In the valley of Jehoshaphat, the first thing you are carried to is the well of Nehemiah; so called because reputed to be the same place from which the restorer of Israel recovered the fire of the altar, after the Babylonish captivity[599]. A little higher in the valley, on the left hand, you come to a tree supposed to mark out the place where the Evangelical Prophet was sawn asunder. About one hundred paces higher, on the same side, is the pool of Siloam. It was anciently dignified with a church built over it; but, when we were there, a tanner made no scruple to dress his hides in it. Going about a furlong farther on the same side, you come to the fountain of the blessed Virgin, so called, because she was wont (as is reported) to resort hither for water; but at what time and upon what occasions is not yet agreed. Over against this fountain, on the other side of the valley, is a village called Siloe, in which Solomon is said to have kept his strange wives; and above the village is a hill called the Mountain of Offence, because there Solomon built the high places mentioned in 1 Kings xi. 7, his wives having perverted his wise heart to follow their idolatrous abominations in his declining years. On the same side, and not far distant from Siloe, they show another Aceldama, or Field of Blood; so called because there it was that Judas, by the just judgment of G.o.d, met with his compounded death[600]. A little farther on the same side of the valley, they showed us several Jewish monuments. Amongst the rest there are two n.o.ble antiquities, which they call the sepulchre of Zachary and the pillar of Absolom. Close by the latter is the sepulchre of Jehoshaphat, from which the whole valley takes its name.

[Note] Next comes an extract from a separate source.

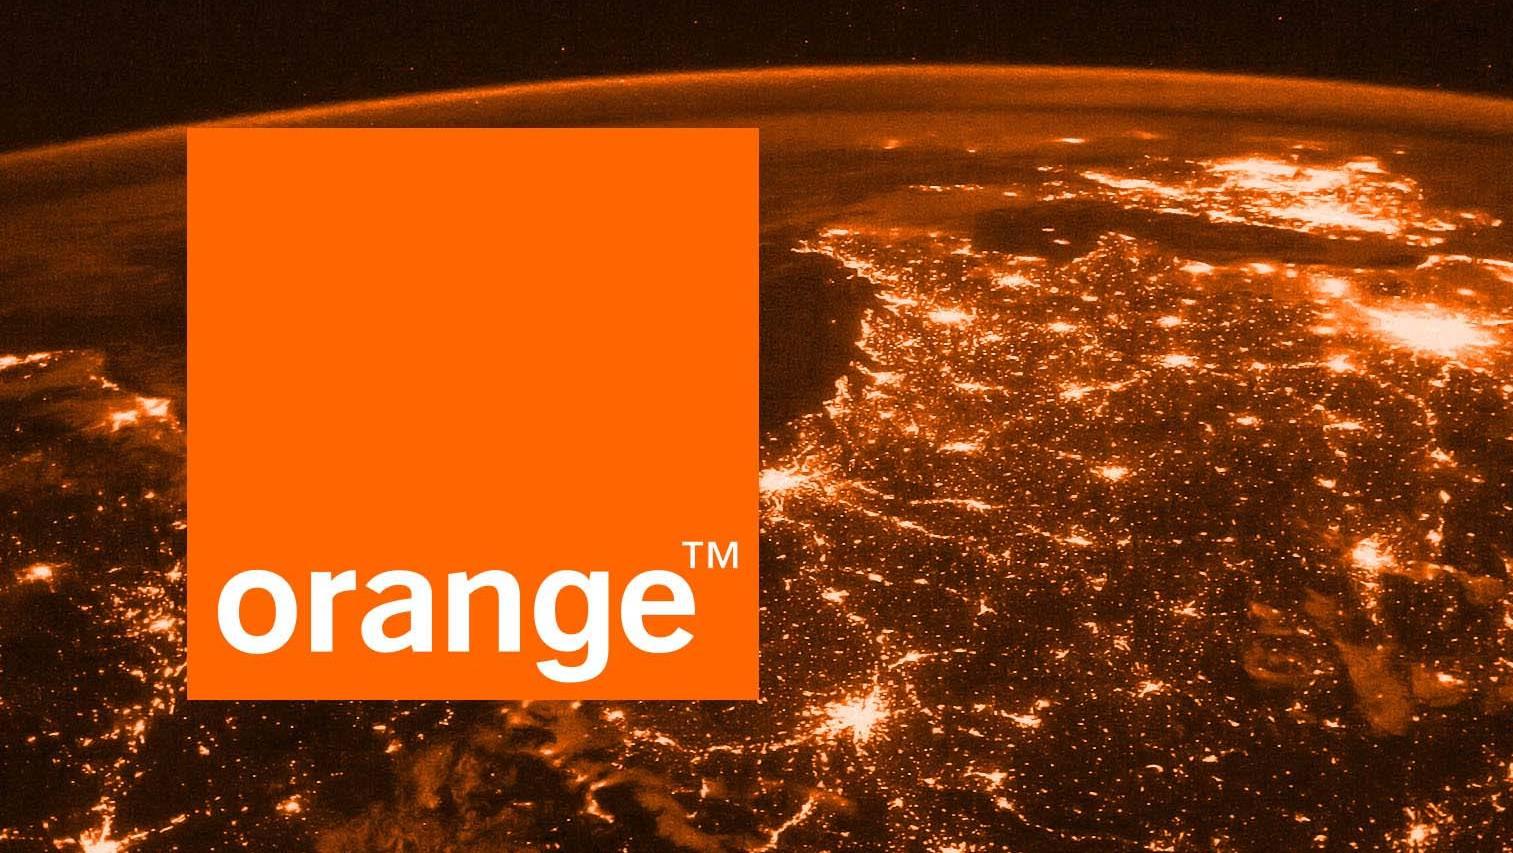 28 Iulie, Orange Romania are Preturi cu MULT REDUSE la Telefoane Mobile

Upon the edge of the hill, on the opposite side of the valley, there runs along, in a direct line, the wall of the city, near the corner of which there is a short end of a pillar jutting out of the wall. Upon this pillar, the Turks have a tradition that Mohammed shall sit in judgment at the last day; and that all the world shall be gathered together in the valley below, to receive their doom from his mouth. A little farther northward is the gate of the Temple. It is at present walled up, because the Turks here have a prophecy that their destruction shall enter at that gate, the completion of which prediction they endeavour by this means to prevent. Below this gate, in the bottom of the valley, is a broad hard stone, discovering several impressions on it, which you may fancy to be footsteps. These, the friars tell you, are prints made by our blessed Saviour's feet, when, after his apprehension, he was hurried violently away to the tribunal of his blood-thirsty persecutors.
From hence, keeping still in the bottom of the valley, you come in a few paces to a place which they call the sepulchre of the blessed Virgin. It has a magnificent descent down into it of forty-seven stairs; on the right hand as you go down is the sepulchre of St. Anna, the mother, and on the left that of St. Joseph, the husband of the blessed Virgin.
Having finished our visit to this place, we went up the hill toward the city. In the side of the ascent we were shown a broad stone on which they say St. Stephen suffered martyrdom; and not far from it is a grotto, into which they tell you the outrageous Jewish zealots cast his body, when they had satiated their fury upon him. From hence we went immediately to St. Stephen's Gate, so called from its vicinity to this place of the protomartyr's suffering, and so returned to our lodging.